Too long have the Irish who fought in the British army during WWI been lost to obscurity. Whitewashed in the national memory by the nationalism that followed the 1916 Easter Rising, stories of their conflict still go widely untold. In February 1915, the rugby men who comprised the 7th Battalion of the Royal Dublin Fusiliers converged on the Royal Barracks for their final stage of training before sailing out to fight, presumably in France. Their destination was in fact the sun-drenched beach of Gallipoli, Turkey, in what is now remembered as one of the most disastrous military operations of all time.
Site-specific innovators ANU Productions stage a commemoration on the site of the former Royal Barracks (now Collins Barracks, location of the National Museum of Ireland). The 7th Battalion was a ‘pal’ battalion – a military unit that organised soldiers to serve alongside friends and neighbours. Appropriately, this too is the spirit of director Louise Lowe’s staging.

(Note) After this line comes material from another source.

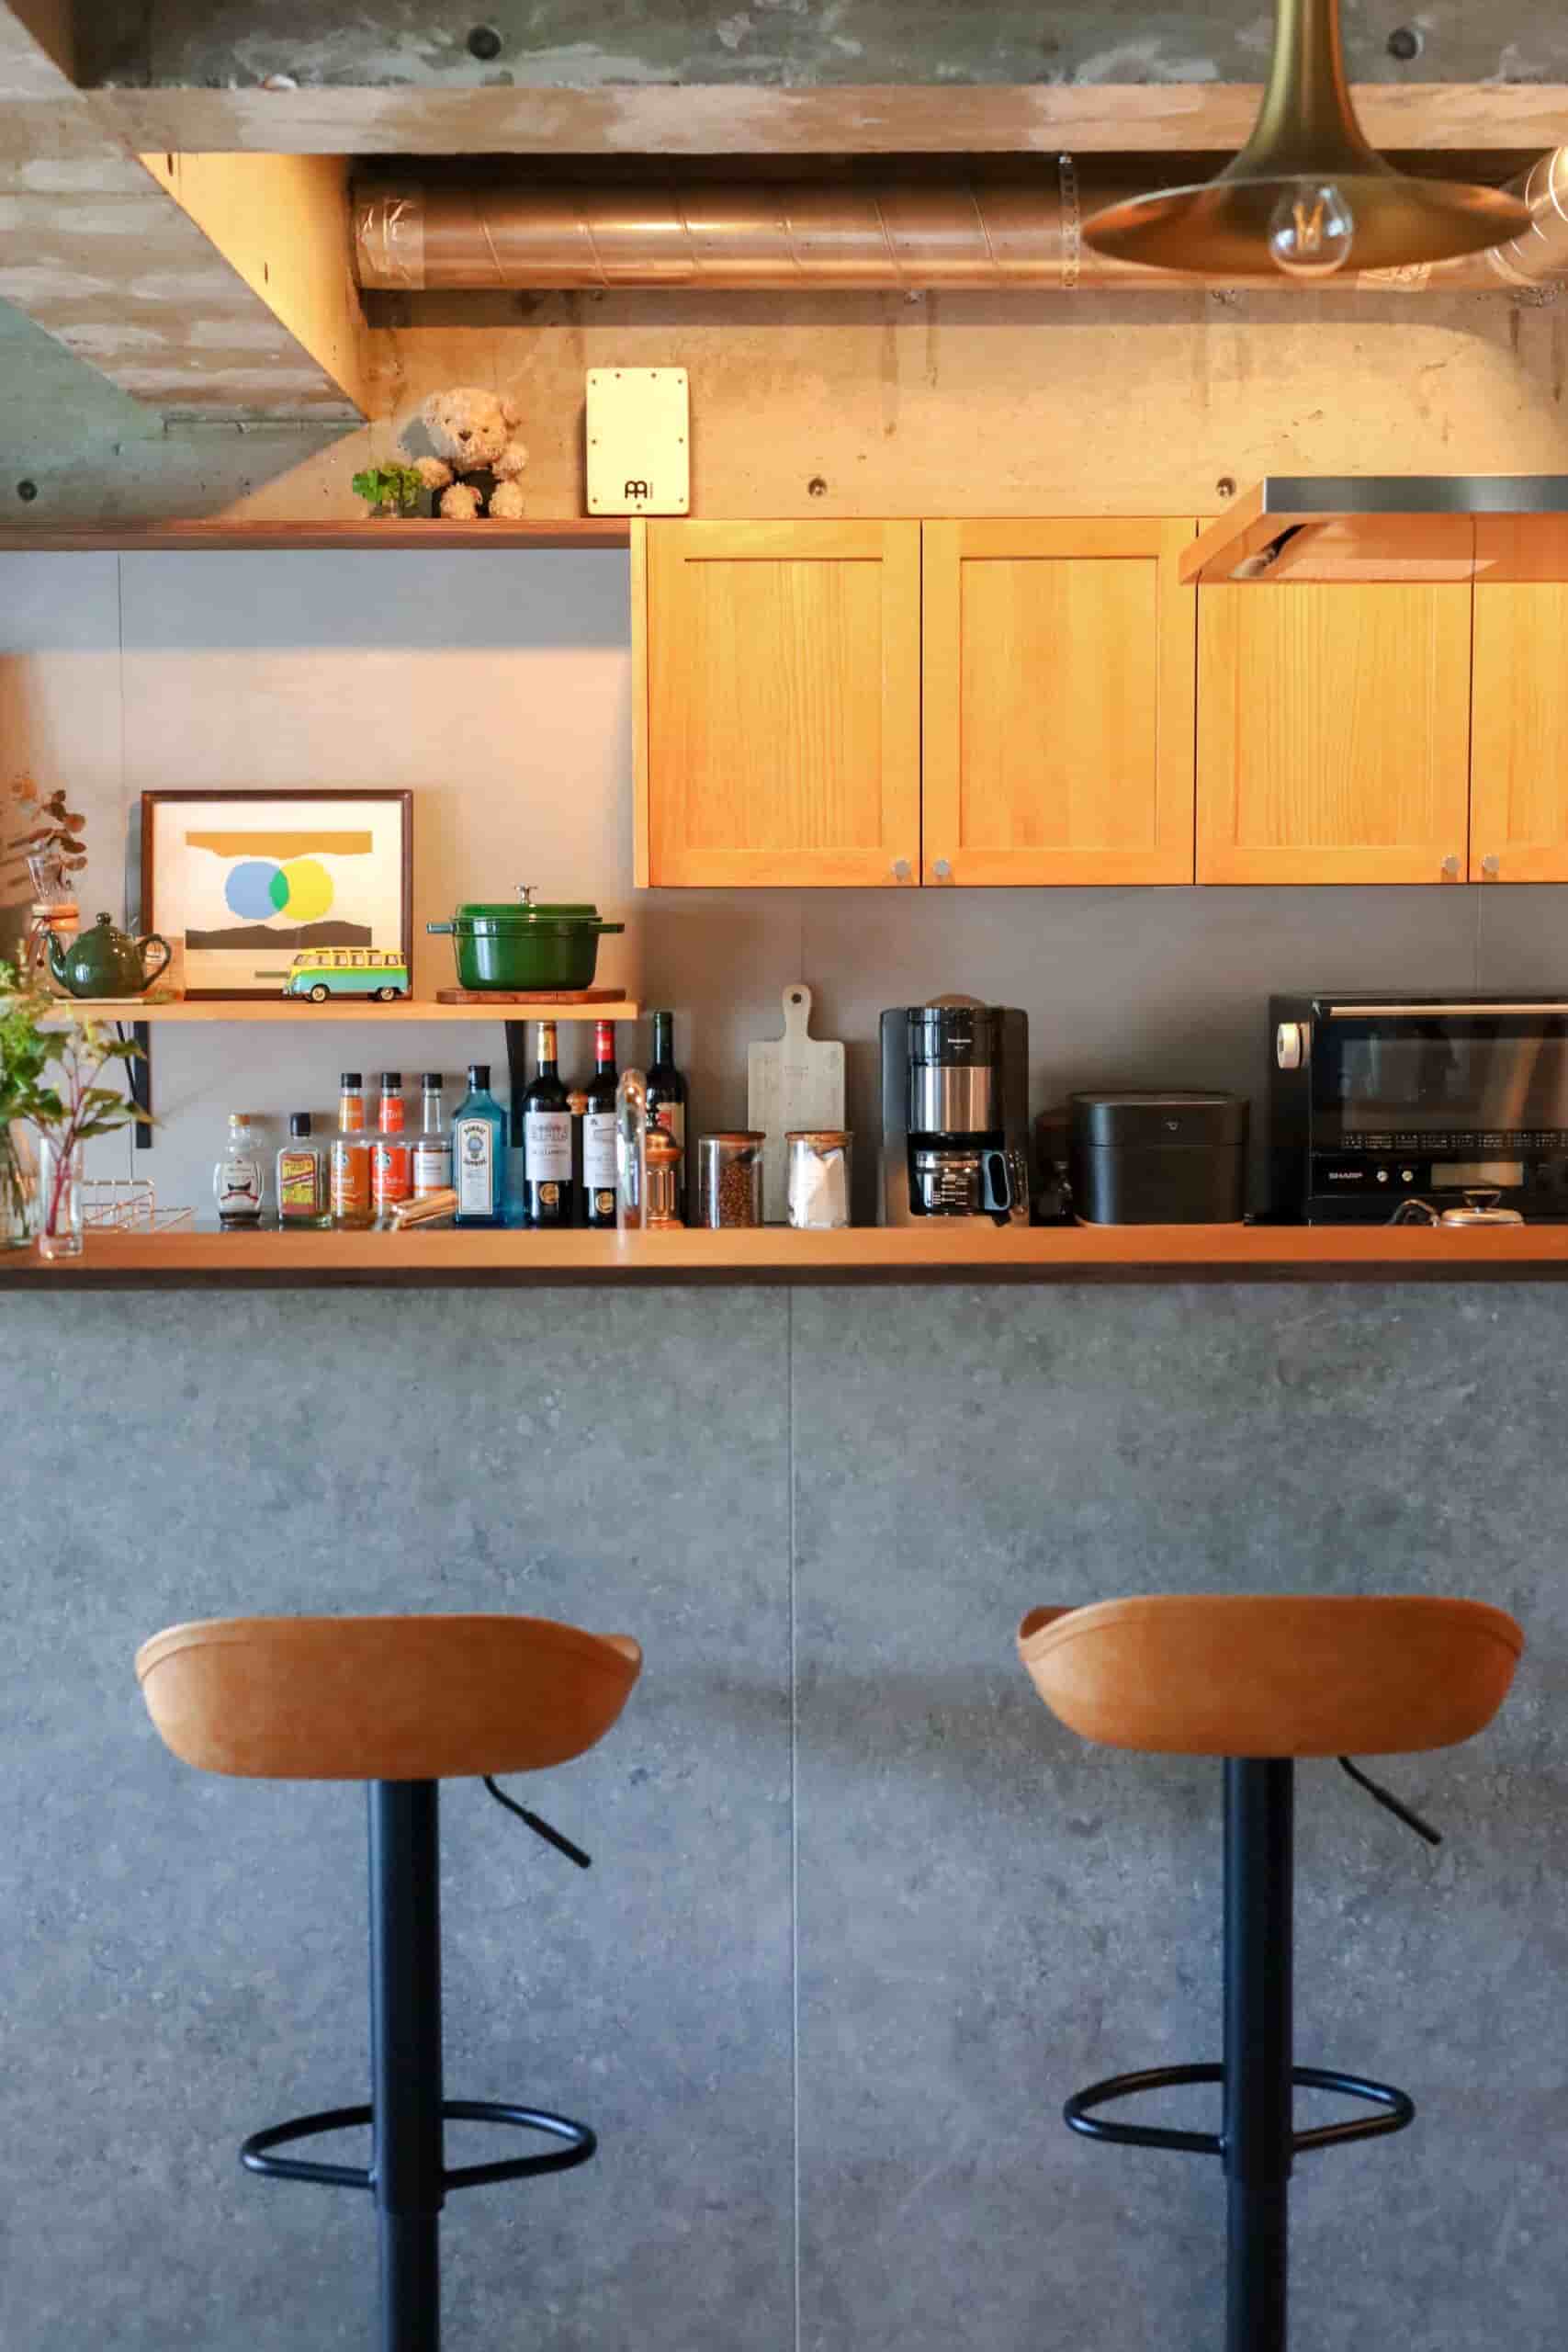 グレーの腰壁とウッディな天板のコントラストが印象的なキッチンカウンター

It begins as a museum tour, with a guide giving facts about a haphazard campaign. We hear of casualties (one of which, Paddy Tobin, was the son of a physician tending to Sean O’Casey, and whose father’s heartbreak inspired the WWI drama The Silver Tassie) and of an astronomical rate of desertion. Fittingly, this is when a woman from 1915 (Laura Murray, well kitted out in Niamh Lunny’s historical costume) curtails the tour looking for her missing husband. Across the courtyard we find the pale figure of Charles Brady (Thomas Reilly) holding tightly to his rifle, absent and voiceless in the exchange between his wife and his superior.
Comparatively, Brady is brought to life in the company of his fellow soldiers. Ushered up to the dormitory of the 7th Battalion, we witness gracious scenes of laughter and joy, the celebration of a birthday and a game of rugby. It is through the electrifying effects of Sarah Jane Shiels’s lighting and Carl Kennedy’s sound design that the room transports between the horrors of the battlefield and the camaraderie of the sports pitch, a space wherein mid-air a thrown rugby ball transforms into a deathly grenade.
Are there any answers to give to the panicked lieutenant, played whole-heartedly by John Cronin, who reaches out and asks if we would have lead his men any differently? Has awareness of the effects of shellshock and depression, represented in a tactful turn by Liam Heslin, changed all that radically since 1915? Such images are juxtaposed with scenes full of life and even romance, especially in a beautiful waltz between an injured soldier and a nurse in soft lamplight. Lowe’s staging feels aware of the absences of these extraordinary men from public record, and seeks to summon them in all their vigour.
At one point the actor Shane Whisker gently delivers Paddy Tobin’s two very different letters to his parents, one detailing a disorganised military itinerary to his father, and the other convincing a safe operation to dispel the worries of his mother. It exemplifies the intermingling of dark and light that carries through the production to its conclusion, as the soldiers excitedly prepare to disembark for the war while archival images projected by designer Owen Boss show veterans returning injured and disabled. It’s a sad reminder as to what’s on the horizon.
But what resonates the most is a soldier’s question in a moment of crisis: “Do you think Ireland is proud of us?” In ANU’s considerate production, rescuing their traits of friendship, kindness and compassion from one of the most hellish battlefields on earth, the answer is undoubtedly yes.